David, a student at the University of Havana is picked up by Diego, a homosexual artist, who has bet a friend that he can seduce the young man. Although he is rabidly homophobic, David is persuaded to go to Diego’s flat with the promise of some photographs taken while he was appearing in a play. When David’s friend Miguel hears of the eccentric flat, the religious art and contraband whisky, and of Diego’s boast that he is planning to mount an exhibition with the help of a foreign embassy, he persuades David to seek Diego in order to expose him as a counter-revolutionary,

David reluctantly takes on the role of spy and befriends Diego, but in the process becomes fascinated with Diego’s sophisticated taste in forbidden foreign literature, and classical music. He is prepared to hate Diego and turn him over to the authorities, but he comes to discover Diego as a person rather than a cliché and finds himself open to ridicule when he tries to defend and justify his new friend. Inevitably, Diego’s outspokenness lands him in trouble and the two friends face separation, but the experience has changed David’s attitude forever.

Giving the initial appearance of a melodrama about gay rights, this film encompasses a lot more. There are hints of political pressure to spy on fellow citizens and of the scorn with which revolutionaries look on religion and on any type of activity which can be considered subversive, whether it is free art or drinking Johnny Walker whisky, "the enemy’s liquor" as Diego sarcastically calls it.

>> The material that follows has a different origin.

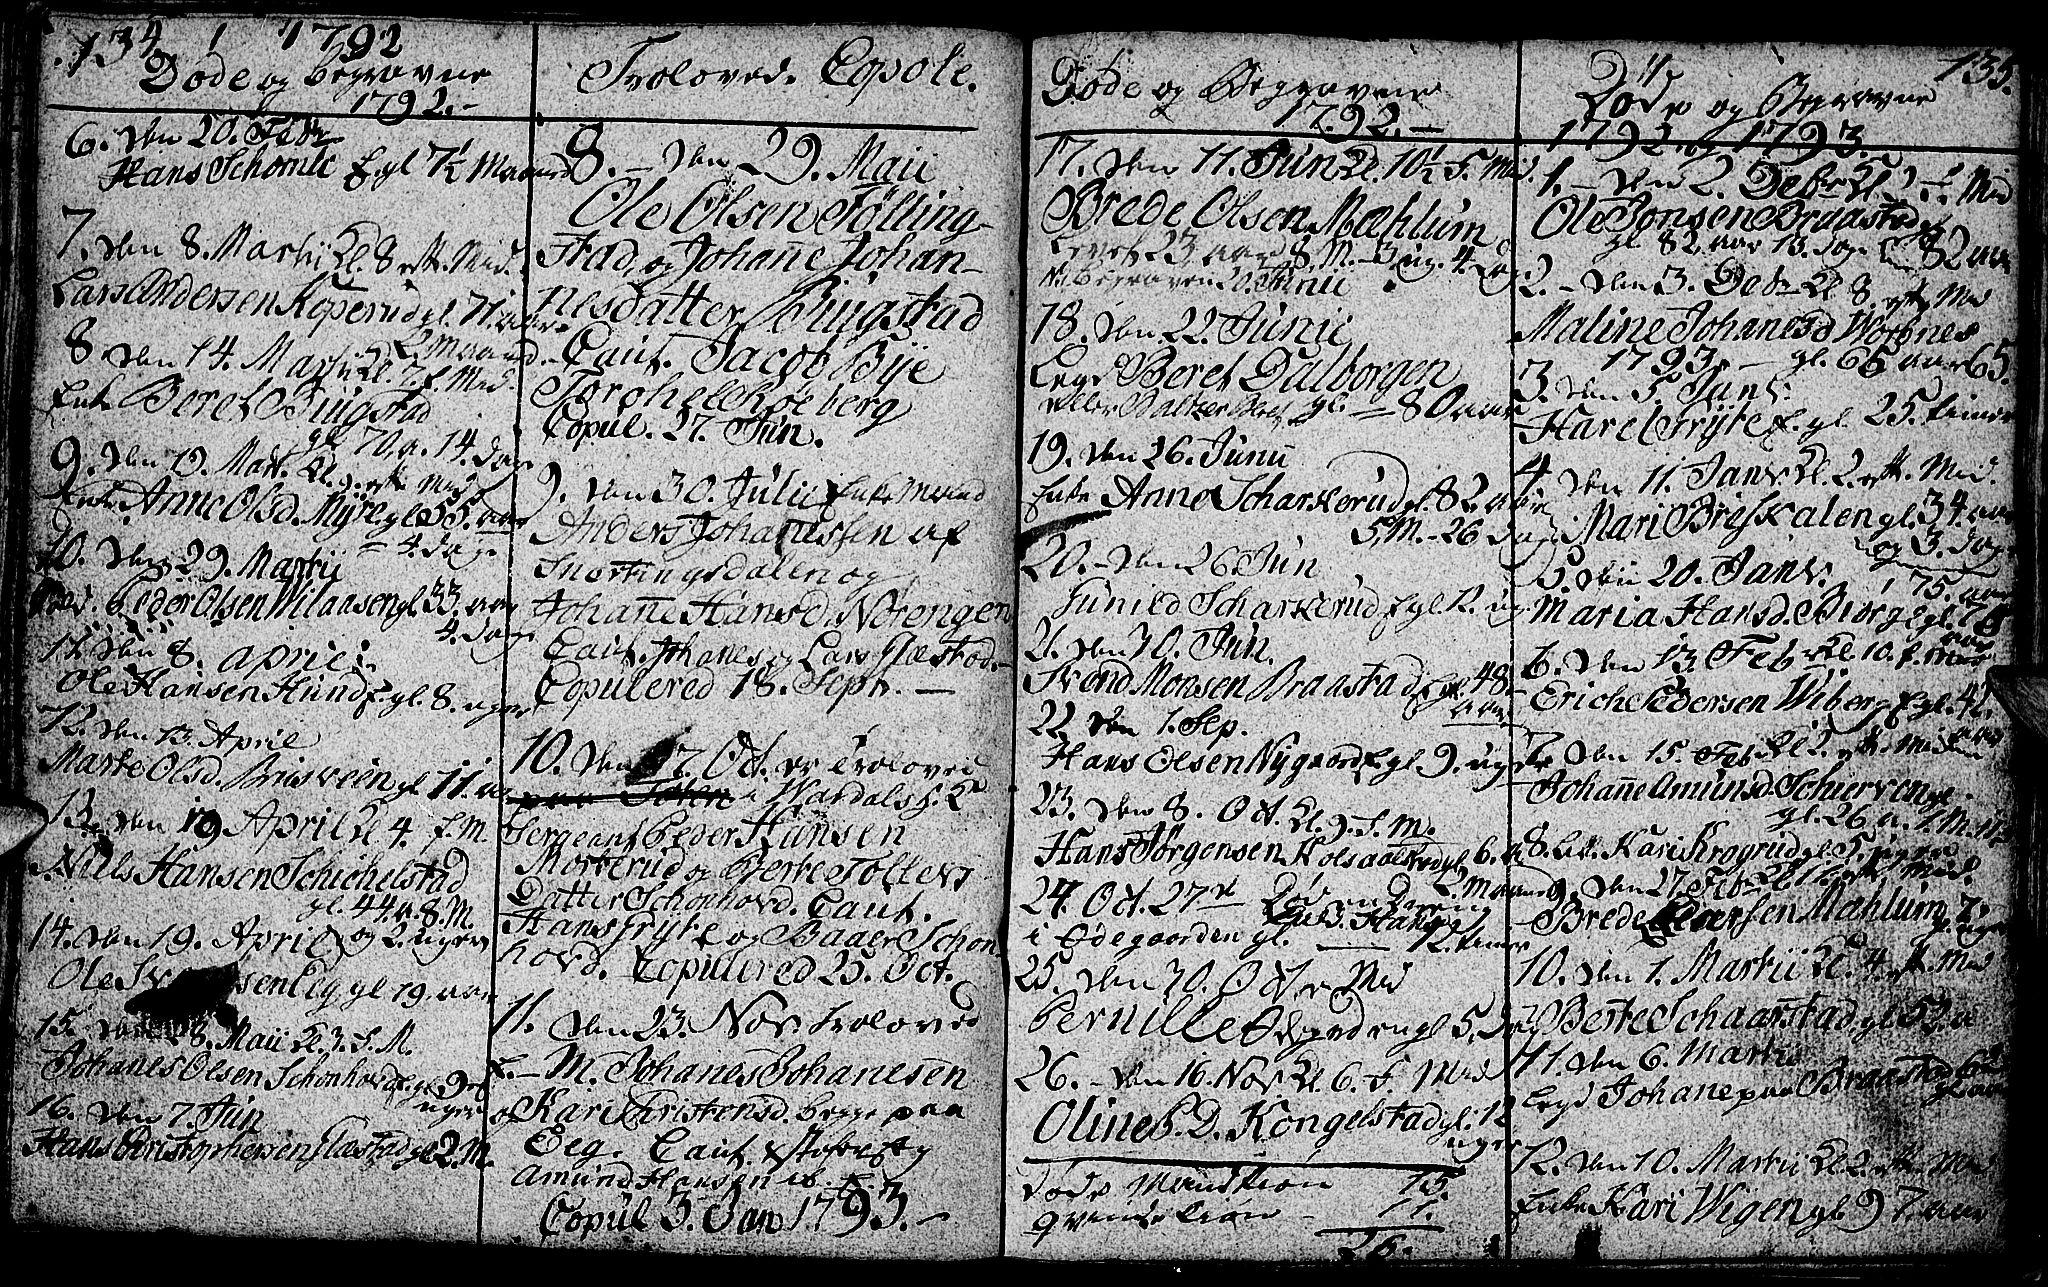 SAH, Vardal prestekontor, H/Ha/Hab/L0002: Klokkerbok nr. 2, 1790-1803, s. 134-135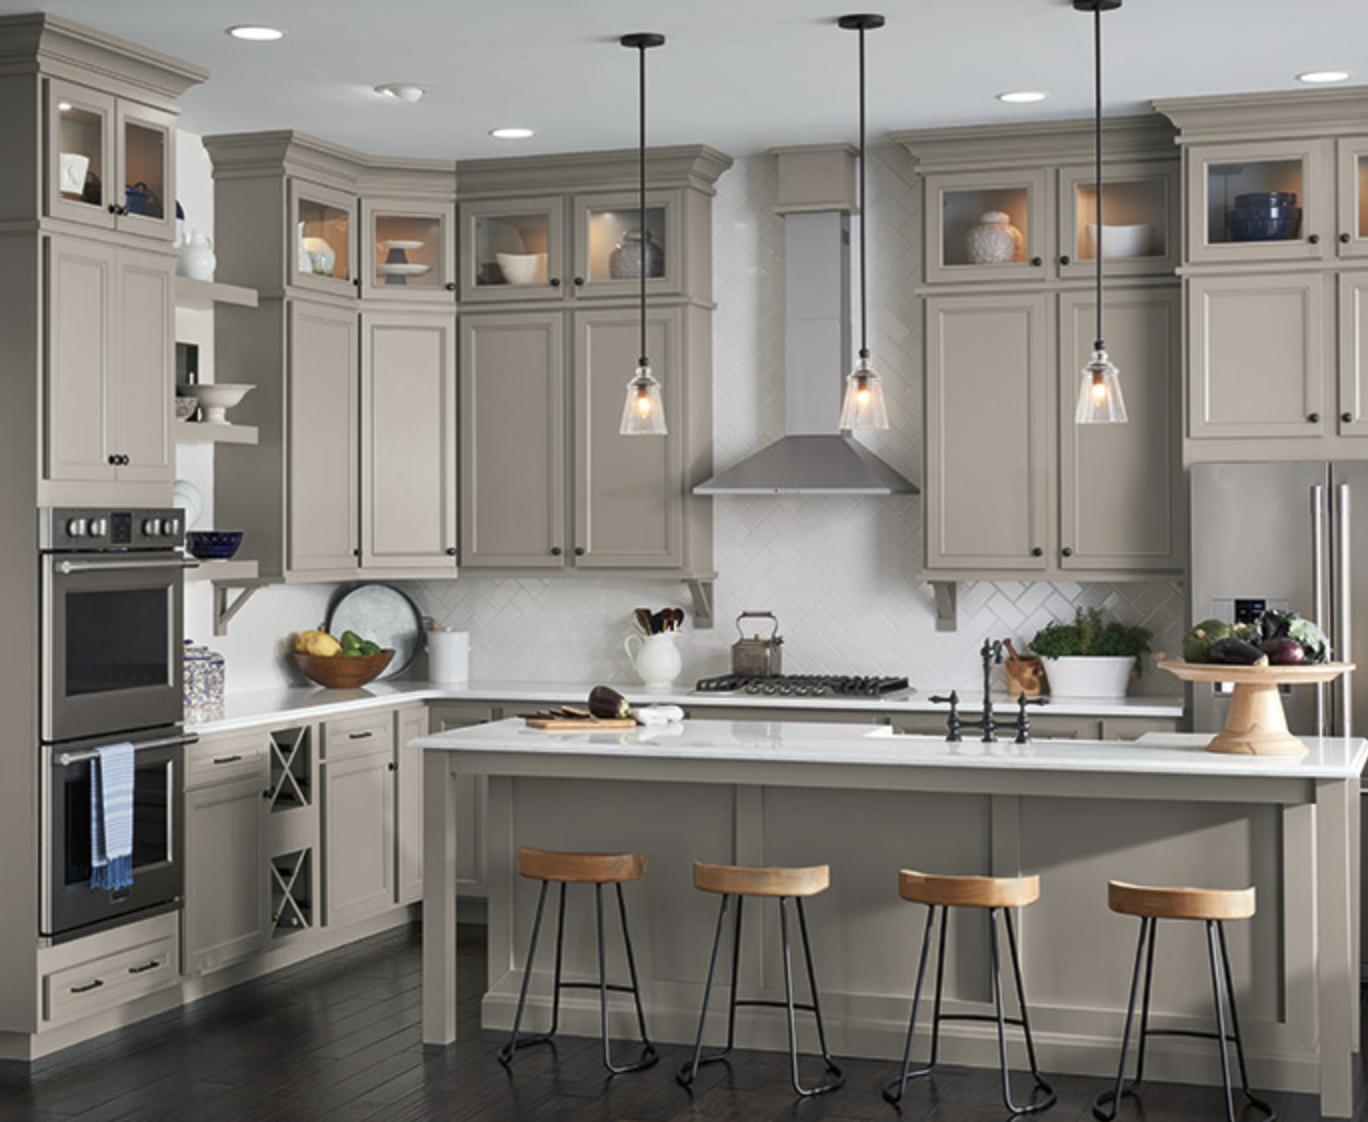 Aristokraft Cabinetry for kitchen redesign, Johnson Lumber, Maryland Kitchen Design

There are compelling sub-plots, such as David’s obsession with his ex-girlfriend, who leaves him to marry someone else shortly after his clumsy attempt to seduce her, and the intervention of Diego’s sexy thirty-something neighbour Nancy, an amateur prostitute and black marketeer, to whom David eventually loses his virginity.

Prejudice, sexual tension and political discontent are given a compassionate treatment and the interiors in Diego’s and Nancy’s flats, which appear to be part of a decaying former grand house contribute to the delicate air of melancholy that runs through the whole piece.

Well acted, with a particularly sensitive performance by Jorge Perugorria as Diego, this film will be remembered as one of the best exponents of Cuban modern cinema.